WARNING: You always have to put the above practical dietary instructions inside the framework of GENERAL NUTRITIONAL GUIDELINES with the aim to know their limits when looking for a solution of a specific nutritional problem. You also need to be familiar with THE ROLE OF NUTRITIONAL GUIDELINES with the aim to avoid any one-sided conclusions.

   NOTES

  1. The verb 'to cook' in English means: to prepare for eating by applying heat, as by boiling, frying, baking, etc. Sometimes the text mentions 'cooking and baking' because they represent two main groups of heat treatment of food which demand different skills.
  2. Rudolf Steiner, Dornach, 31.07.1924; www.rsarchive.org
  3. There are adherents of a raw food diet who claim that cooking generally worsens the taste of foods. This might be the case, especially if one overcooks and uses low quality ingredients, but its not a rule (as macrobiotic style of cooking demonstrates). Although the question of taste is very personal, there are evidently foods which by cooking greatly improve in taste, such as beans, rice, bread, etc.
  4. Source: Paul Pitchford, Healing with Whole Foods - Asian Traditions and Modern Nutrition, North Atlantic Books, 2002
  5. Good jams are made from naturally/organically grown fruit and with the addition of natural sweeteners. For their list see Natural Sweeteners.
  6. For the description of these higher processes of transformation see principles in MYSTERIES OF INNER ALCHEMY and NUTRITION & SPIRITUAL DEVELOPMENT.

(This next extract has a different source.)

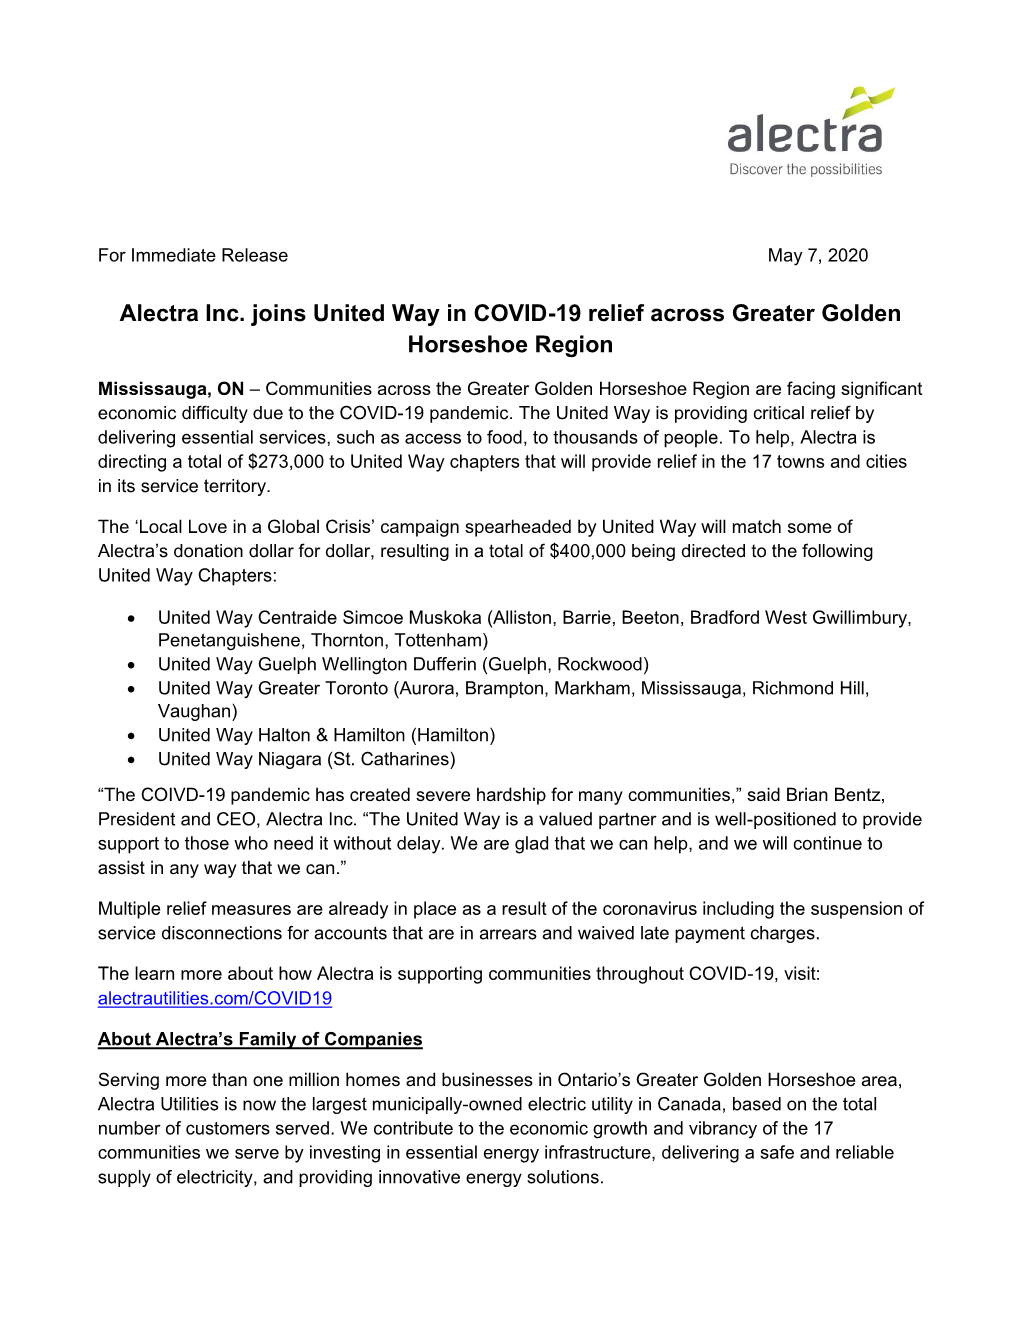 Alectra Inc. Joins United Way in COVID-19 Relief Across Greater Golden Horseshoe Region

  7. Rudolf Steiner, Stuttgart, 1.03.1920; Warmth Course, www.rsarchive.org
  8. Wikipedia, Temperature, July 2016
  9. As above
  10. Rudolf Steiner, Stuttgart, 13.03.1920; Warmth Course, www.rsarchive.org
  11. Rudolf Steiner, Dusseldorf, 12.04.1909
  12. Rudolf Steiner, Munich, 14.03.1909; Metamorphoses of the Soul – Paths of Experience, Vol. 1, Rudolf Steiner Press, 1983
  13. People can have such experiences without being aware about the moral side of them. For example, one can eat the same type of dish made by two different people in a relatively short period of time and (s)he likes one and not the other. People usually ascribe this impact to the difference in cooking skills. But even if this were the case, it proves the point, for the level of skills depends on the level of interest and enthusiasm for whatever people do, and this reflects the moral development of human being.
  14. Mueslis usually contain flakes which are made with the help of heat treatment. One exception is flakes made at home with the hand or electric flaker, another is freshly ground wholemeal flour soaked overnight and used instead of flakes. But we need to know that this type of breakfast was developed by Dr Bircher-Benner as a part of his therapeutic approach. For an explanation of the therapeutic effects of a raw food diet see RAW vs COOKED FOOD.
  15. In this group sprouted legumes are not included (which many people consume raw in small amounts as an addition to salad, etc.) because sprouting does not make them digestible to the same degree as cooking does. This is also evident from the fact that the taste of sprouted legumes is not really different from the taste of raw soaked ones. For that reason it is recommended that you cook or sauté them for few minutes until they lose their raw taste.
  16. In booklet Nutrition No. 1 (Eugen Kolisko, Kolisko Archive Publications, 1978) it is reported about an experiment with one groups of rats being fed food taken from a public restaurant at 12 o'clock and another group with the 'same' food three hours later. The result was that rats fed with older food started losing weight, and finally died. Although we cannot transfer this result to human beings in the manner scientists usually do, it nevertheless demonstrates the loss of vital forces due to regular consumption of overcooked food and/or leftovers.
  17. Dr Ehrenfried Pfeiffer reported about a remarkable example of the food with strong vital forces, biodynamically grown wheat which was subjected to warming at 100 °C for 30 minutes and afterwards still sprouted. Source: Pfeiffer, Sub-Nature and Super-Nature in the Physiology of Plant and Man – True Foundations of Nutrition, Mercury Press, 1981
  18. As we nourish ourselves also via senses (see COSMIC NUTRITIONAL STREAM), it is important that we provide them with the best quality sense impressions – that is, with the things made from natural materials, such as ceramic, metal, wood, glass, etc.